Подробно я не стану говорить об исполнителях. Дело в том, что как ни изящен в своей царственной роли принца был Гердт, как ни блестяще исполняла свою роль совершенно юная и очень миловидная Брианца, как ни уморителен был Стуколкин (в роли гофмаршала Каталабютта), как ни кошмарен Чекетти в роли Карабос и он же — обворожителен в танце «Голубой птицы», как ни хороши были десятки других танцоров и танцовщиц, изображавших фей, крестьян, гениев, царедворцев, охотников, персонажей сказок и т. д., однако все личное их мастерство и прелесть каждого из них сливались в красоте ансамбля…

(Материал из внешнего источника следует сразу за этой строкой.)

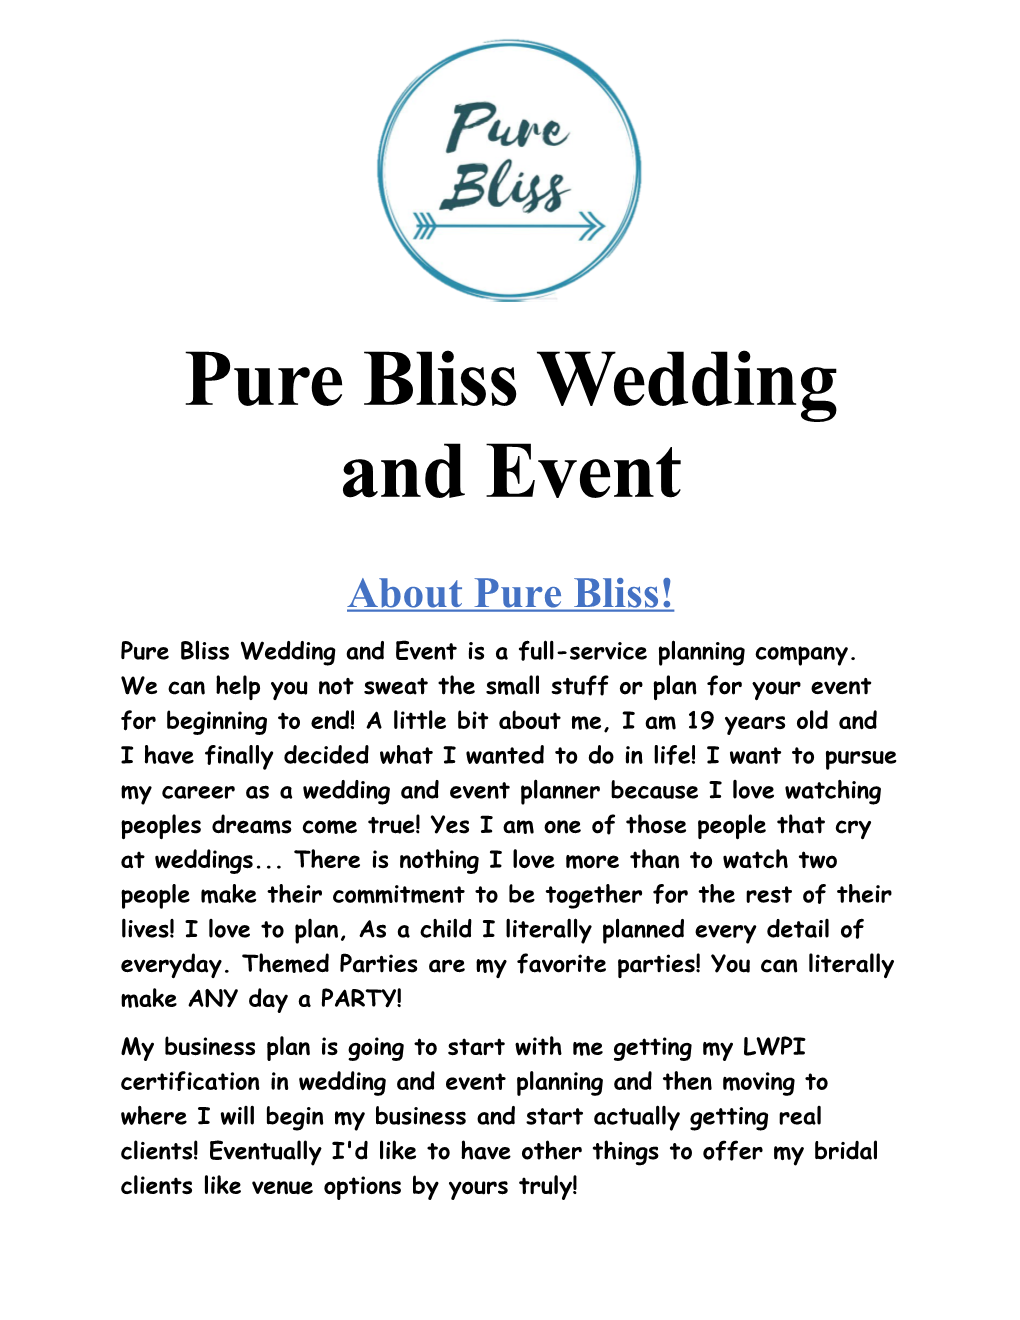 Pure Bliss Wedding and Event

Восхищение «Спящей красавицей» вернуло меня вообще к балету, к которому я было охладел, и этим загоревшимся увлечением я заразил всех моих друзей, постепенно ставших настоящими балетоманами. Тем самым создалось одно из главных условий того, что через несколько лет подвинуло нас самих на деятельность в той же области, а эта деятельность доставила нам мировой успех. Едва ли я ошибусь, если скажу, что, не будь тогда моего бешеного увлечения «Спящей» (а до того моего увлечения «Коппелией», «Жизелью», «Дочерью фараона» с Цукки), если бы я не заразил своим энтузиазмом друзей, то и не было бы «Ballets Russes» и всей порожденной их успехом «балетомании». Хорошо ли это или дурно — другой вопрос, разрешаемый для каждого согласно с его вкусом. Впрочем, я должен здесь высказать глубокое сожаление, что во многих случаях эта мания приняла вовсе когда-то непредвиденные и нежеланные формы. И еще я должен пожалеть, что как раз мой близкий друг и в значительной степени мой ученик оказался инициатором тех (с моей точки зрения) ересей, которые превратили балет в модное кривляние в какое-то состязание по части самого недостойного эпатирования. Куда девались те идеалы, с которыми мы предстали в 1909 г. на суд усталой, блазированной, уже созревшей для снобизма парижской публики?..

ГЛАВА 9

Левушка Бакст

В 1886 г. Альбер перебрался из третьего этажа нашего дома в четвертый, благо оттуда выехала женская гимназия Гедда, и построил себе еще специальную мастерскую над крышей. Это ателье было довольно обширно и состояло из двух половин, соединенных аркой. Кроме того, к нему примыкала еще комната, откуда был выход на черную лестницу. Другой ход вел в мастерскую прямо из передней, по узкой лестнице с перилами кованого железа. Первые два года жена Альбера, Мария Карловна, продолжала жить в одной квартире с мужем, но осенью 1889 г., ввиду готовившегося развода, покинула ее. Альбер прожил в этой квартире до самого момента, когда он летом 1924 г. навсегда покинул родину. Поднявшись как-то раз в ателье к Альберу — это было в марте 1890 г., — я встретил там одного незнакомого мне молодого человека. Он попал к Альберу в качестве друга детства Марии Шпак, на которой мой брат собирался жениться, но которая из-за своего слабого здоровья проводила зиму в Крыму. Альбер отрекомендовал мне своего нового знакомца как талантливого художника, но я на эту рекомендацию не обратил серьезного внимания, так как Альбер иначе вообще никого из художников не величал. Наружность господина Розенберга не была в каком-либо отношении примечательна. Довольно правильным чертам лица вредили подслеповатые глаза-щелочки, ярко-рыжие волосы и жиденькие усики над извилистыми губами. Вместе с тем, застенчивая и точно заискивающая манера держаться производила если не отталкивающее, то все же не особенно приятное впечатление. Господин Розенберг много улыбался и слишком охотно смеялся. Вообще же было заметно, что он необычайно счастлив, что попал в дом к такому известному художнику, каким в те времена был мой брат.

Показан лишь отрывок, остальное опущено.